Veil of Timber explores the transformation of a parametric pavilion into a detailed, data-driven BIM system. By integrating computational design and metadata with the help of grasshopper and real-time visualisation using Speckle and Power BI. The project bridges geometry and data to enable querying, analysis, and informed decision-making.
Overview
The pavilion is a parametric system composed of interdependent structural and facade elements. Its geometry emerges from the interaction between vertical ribs, horizontal ribs, and a field of movable fins, creating a dynamic surface that responds to both structural logic and spatial articulation.

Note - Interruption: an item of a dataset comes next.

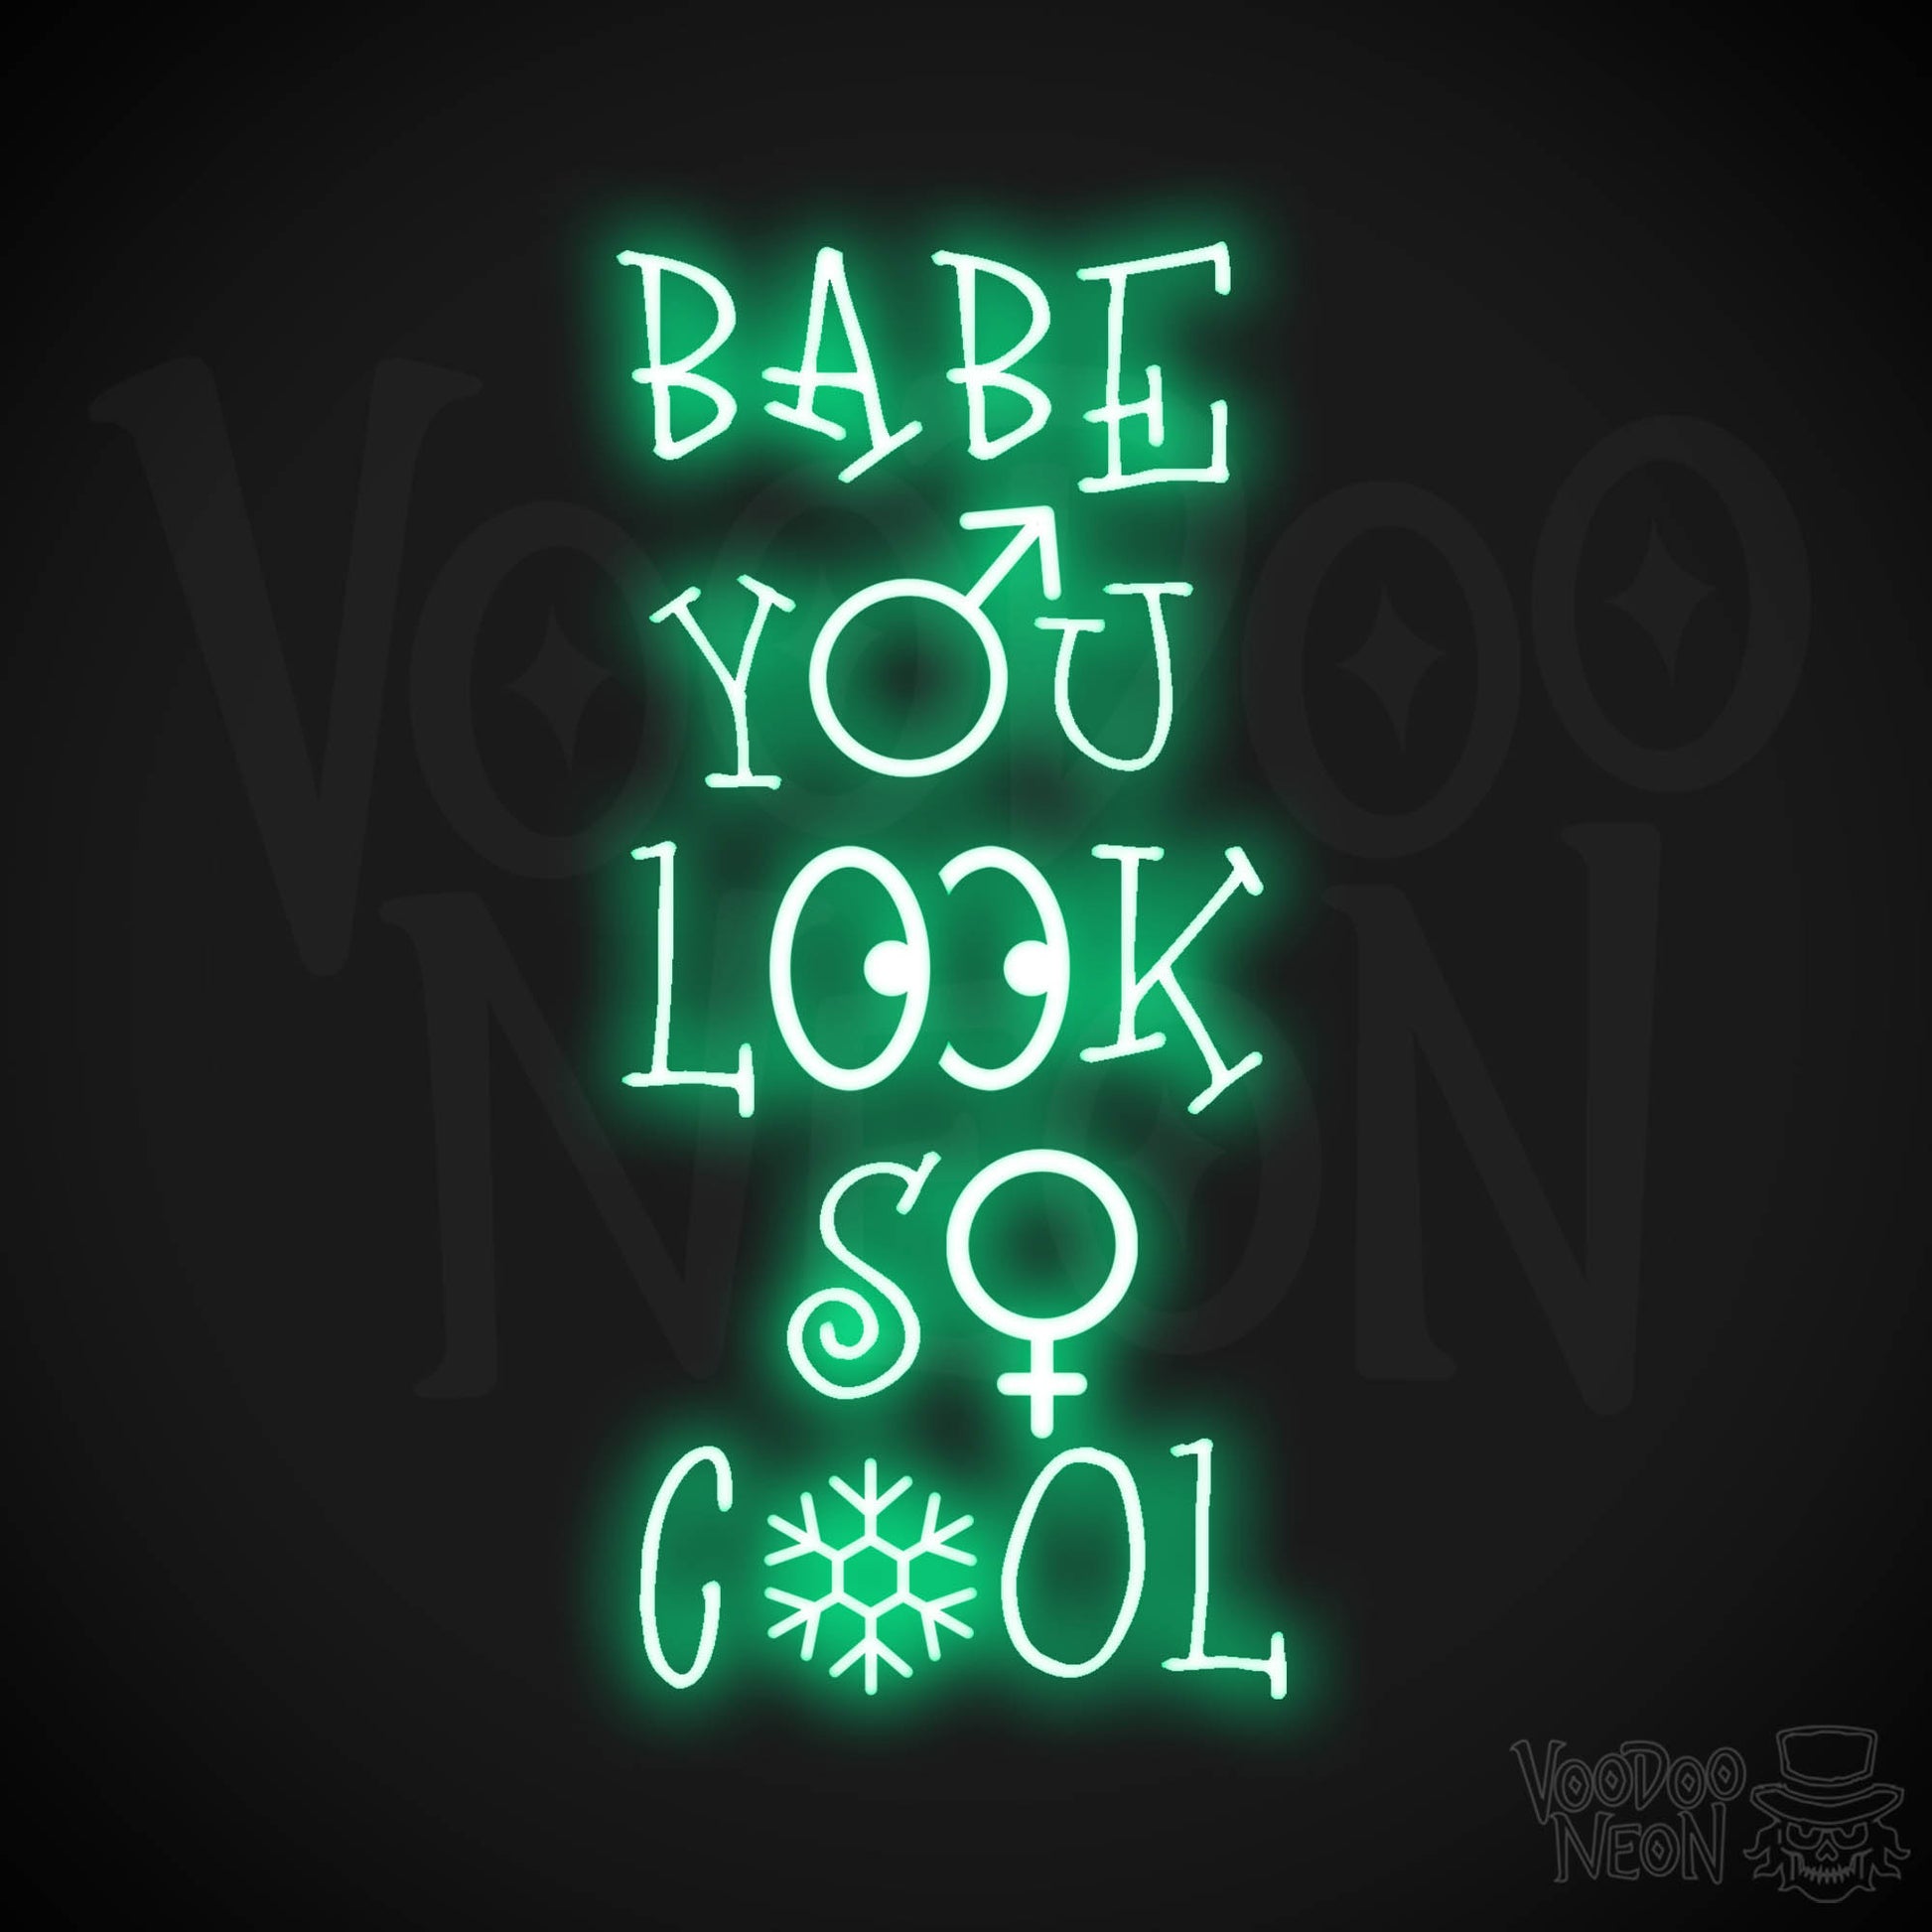 Babe You Look So Cool Neon Sign - LED Wall Art - Color Green

The aggregation of these components results in a continuous yet differentiated form, where repetition and variation coexist within a controlled parametric framework.
Parametric Logic
The pavilion is driven by a parametric logic that controls the distribution, orientation, and density of its components. Through adjustable parameters, the system allows variations in fin rotation, spacing, and curvature, enabling the exploration of multiple spatial and formal outcomes.

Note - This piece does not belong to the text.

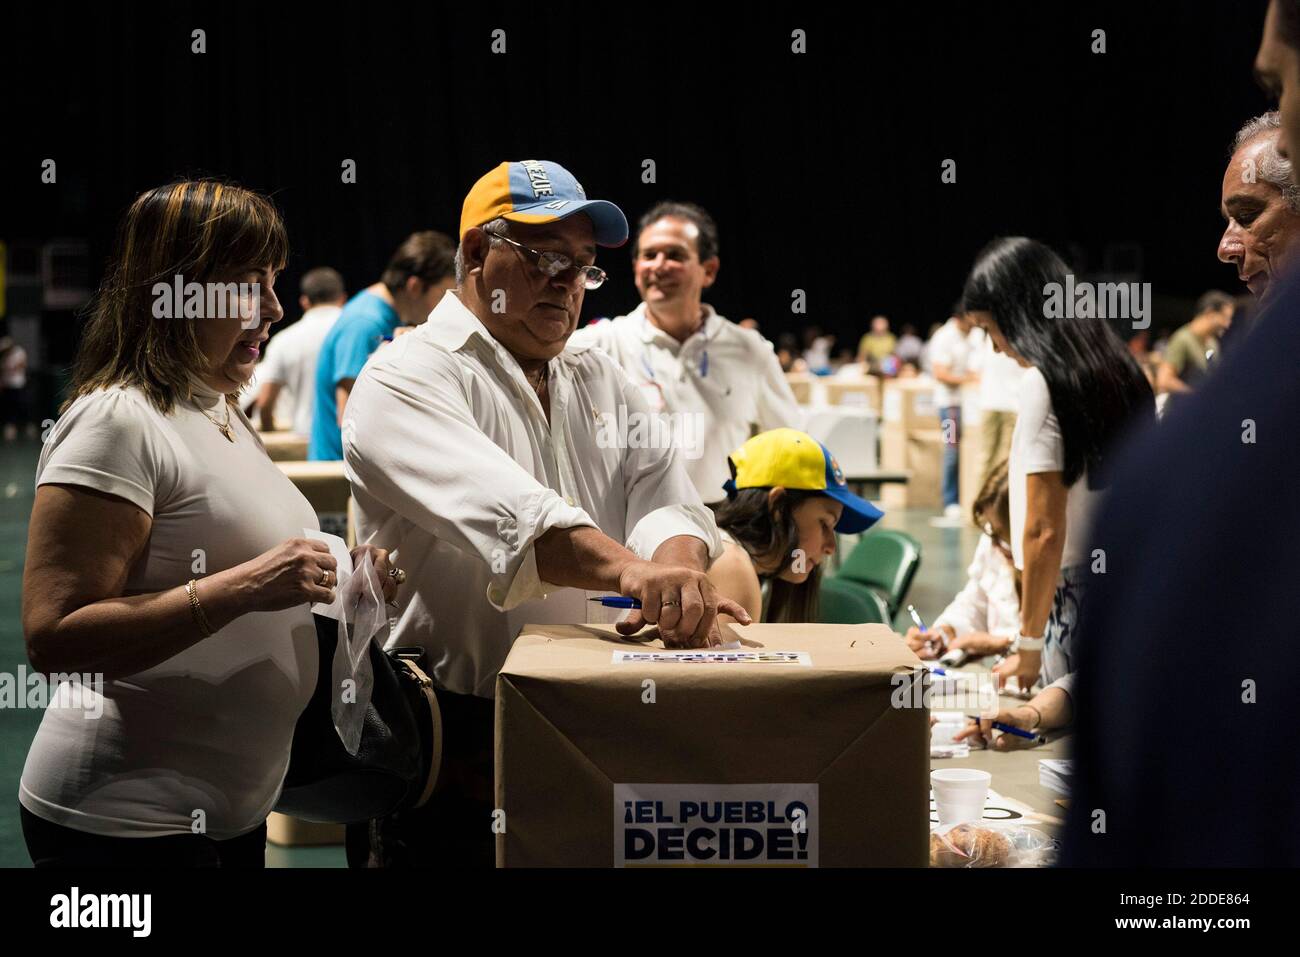 NO FILM, NO VIDEO, NO TV, NO DOCUMENTARY - Eddison Heredia submits his vote in the Venezuelan referendum at the Watsco Center in Coral Gables on Sunday, July 16, 2017. Photo by Bryan Cereijo/Miami Herald/TNS/ABACAPRESS.COM Stock Photo

This approach facilitates rapid iteration while maintaining coherence across the overall structure. The parametric setup ensures that changes at a local level propagate through the system, allowing the design to remain adaptable while preserving its underlying logic.
Data Flow
The project extends beyond geometric modelling into a structured data workflow. The parametric model is first developed and organised in a layer system, where each component is categorised and prepared for data integration.
The geometry is then enriched with metadata and published to Speckle, enabling versioned data exchange across platforms. This workflow establishes a continuous pipeline from design generation to data visualization, allowing the model to function as both a geometric and informational system.
Metadata and BIM Structuring
To move beyond geometry, we assign structured metadata to each component of the pavilion. Each element carries attributes such as type, material, side, and spatial classification.
This allows the model to function as a queryable BIM dataset rather than a static representation. Individual elements can be filtered, grouped, and analyzed based on their properties.
As a result, the pavilion is not only defined by its form but also by its underlying data structure, enabling a more informed and flexible design workflow.
Speckle Dashboard
Speckle enables the model to be explored as a live, distributed dataset. Elements can be filtered and queried based on their embedded properties, allowing specific components to be isolated and analyzed in real time.
This interaction shifts the model from a static representation to an active data environment, where geometry and information remain directly connected.
Power BI Dashboard
The structured model data is further analyzed through interactive dashboards in Power BI. By translating BIM data into visual formats, the system reveals patterns such as component distribution, material usage, and spatial classification.
These visualizations support data-driven evaluation of the design, allowing decisions to be informed by measurable insights rather than purely geometric interpretation.
Conclusion
The project demonstrates how parametric design can evolve into a data-driven BIM workflow. By embedding metadata within geometry and enabling real-time querying and visualization, the pavilion operates as both a spatial and informational system.
This approach redefines BIM as a programmable and interactive framework, where design decisions can be informed, evaluated, and extended through data across the entire lifecycle.